|| at Jul 1, 2010 at 8:23 pm
Take a look at [Combine]HiveInputFormat; they are what we wrap around your input formats in order to allow Hive to access data from multiple input formats in the same job.
On Jul 1, 2010, at 10:16 AM, yan qi wrote:
Thanks a lot for your reply!
I checked the source code. Given a query, (select tmp7.* from tmp7 join tmp2 on (tmp7.c2 = tmp2.c1)), there is only a MapReduce job generated. As far as I know, the function setInputFormat would be used to set the job's InputFormat class, in the ExecDriver.java.
Then I didn't see any chance to set two different InputFormat classes in one job. Or did I miss something here?
On Thu, Jul 1, 2010 at 10:00 AM, Namit Jain wrote:
The 2 tables can have different inputformats
Sent from my iPhone
On Jul 1, 2010, at 9:51 AM, "yan qi" wrote:
I have a question about the JOIN operation in Hive.

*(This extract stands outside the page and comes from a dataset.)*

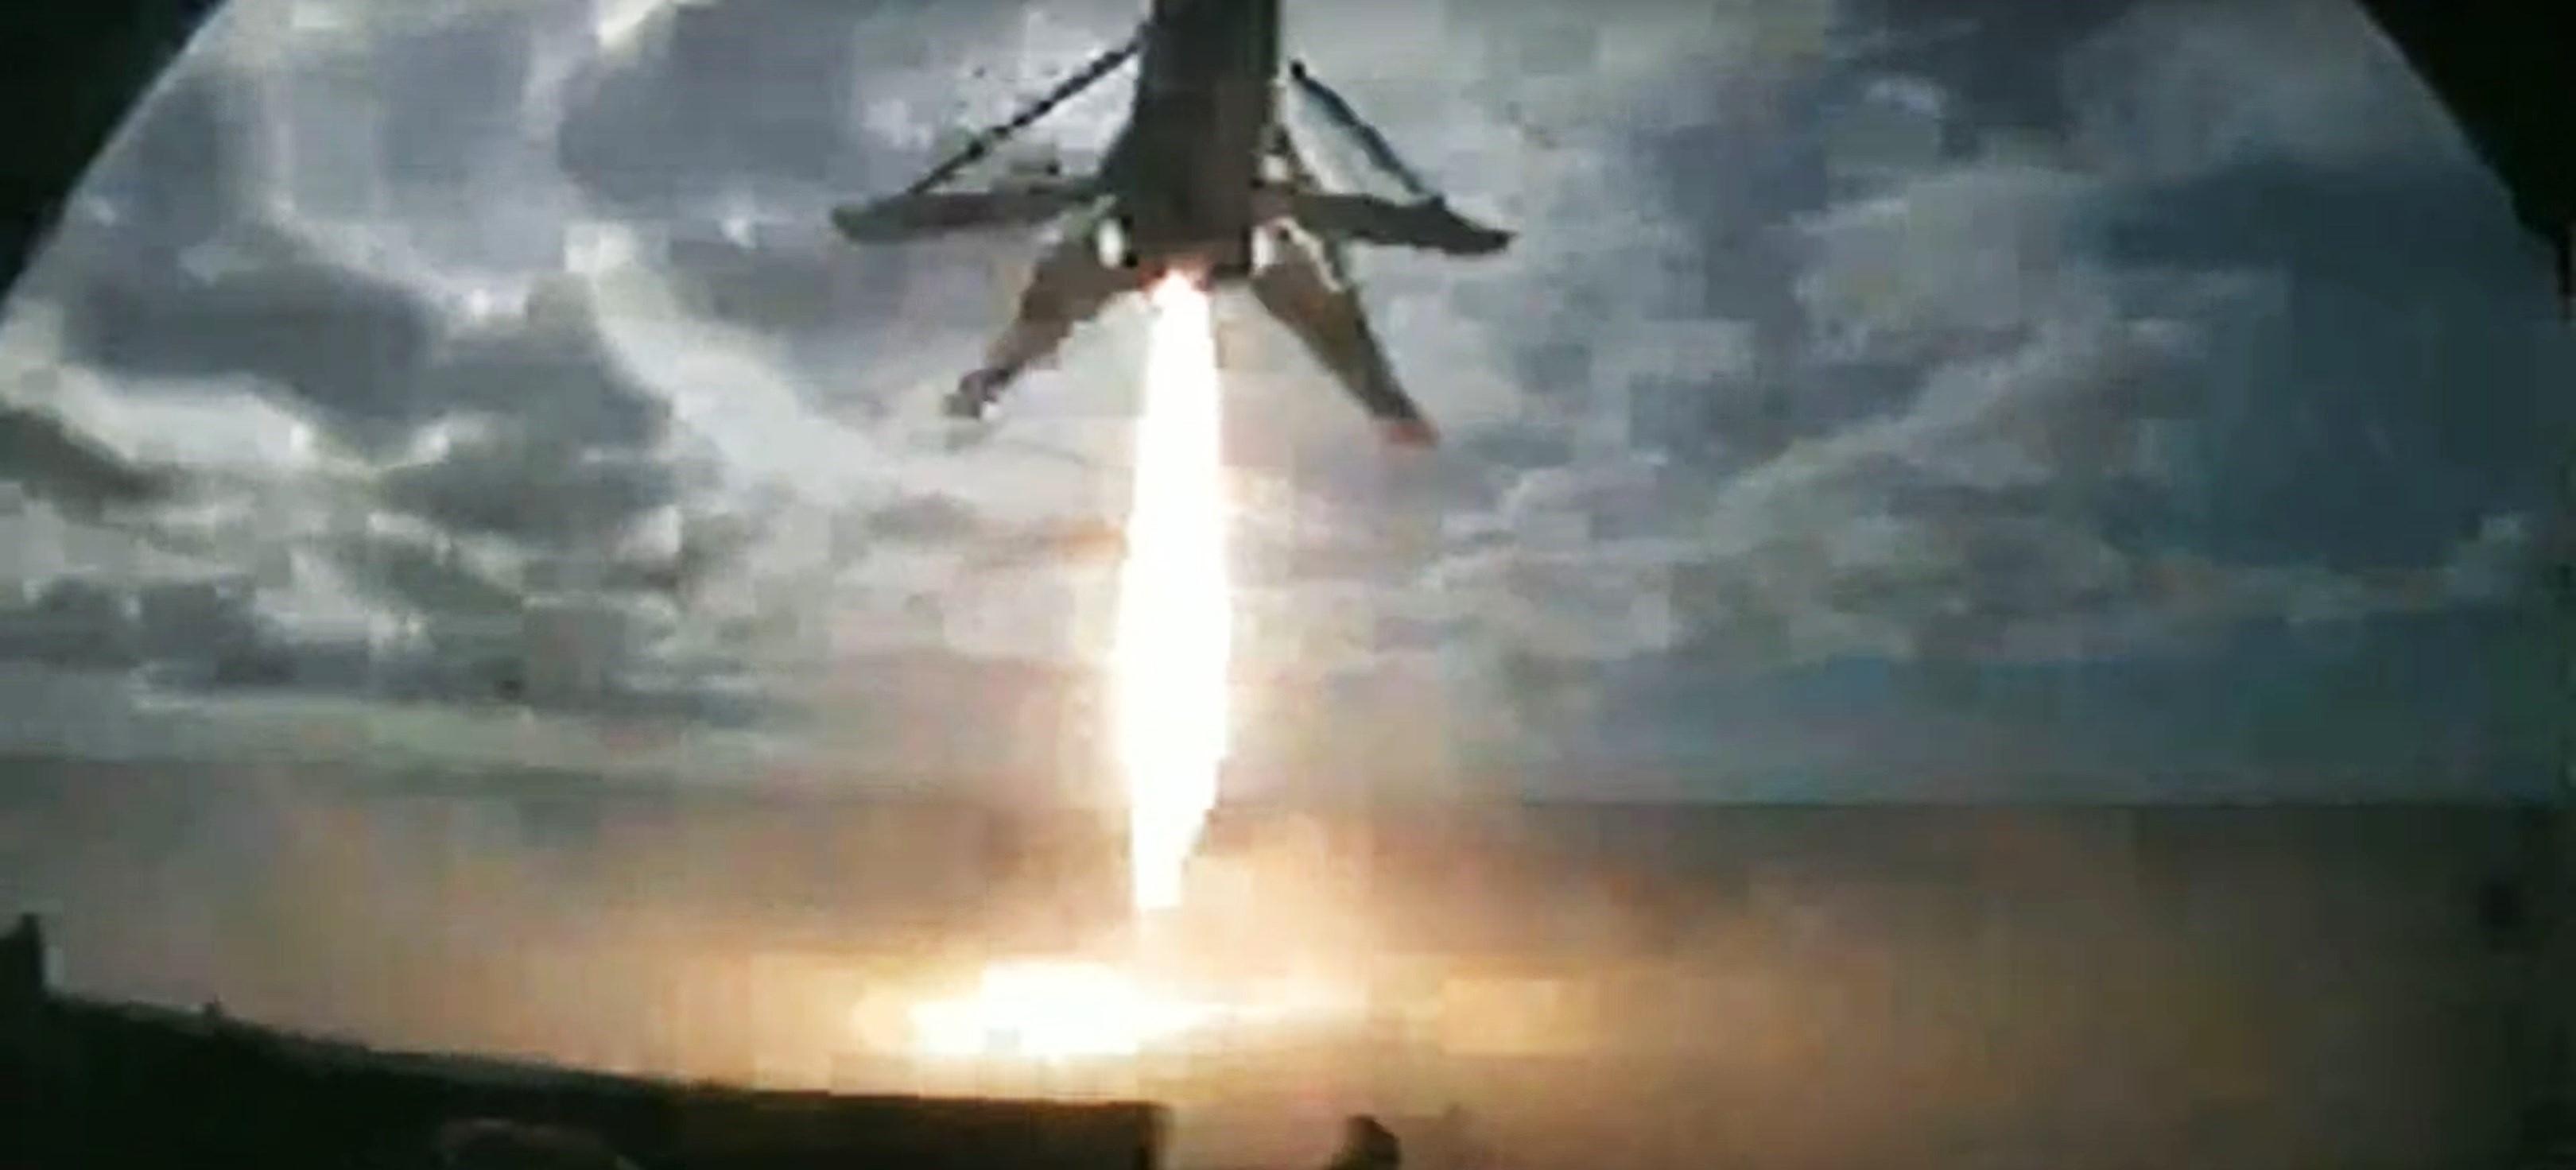 Starlink-1 v1.0 webcast (SpaceX) B1048 OCISLY landing 1

For example, I have a query, like
select tmp7.* from tmp7 join tmp2 on (tmp7.c2 = tmp2.c1);
Clearly, there is a JOIN involved in the statement.
1. tmp2 and tmp7 are two tables.
2. c2 and c1 are columns belonging to tmp7 and tmp2 respectively.
I found that this query is executed in Hive with a MapReduce Job.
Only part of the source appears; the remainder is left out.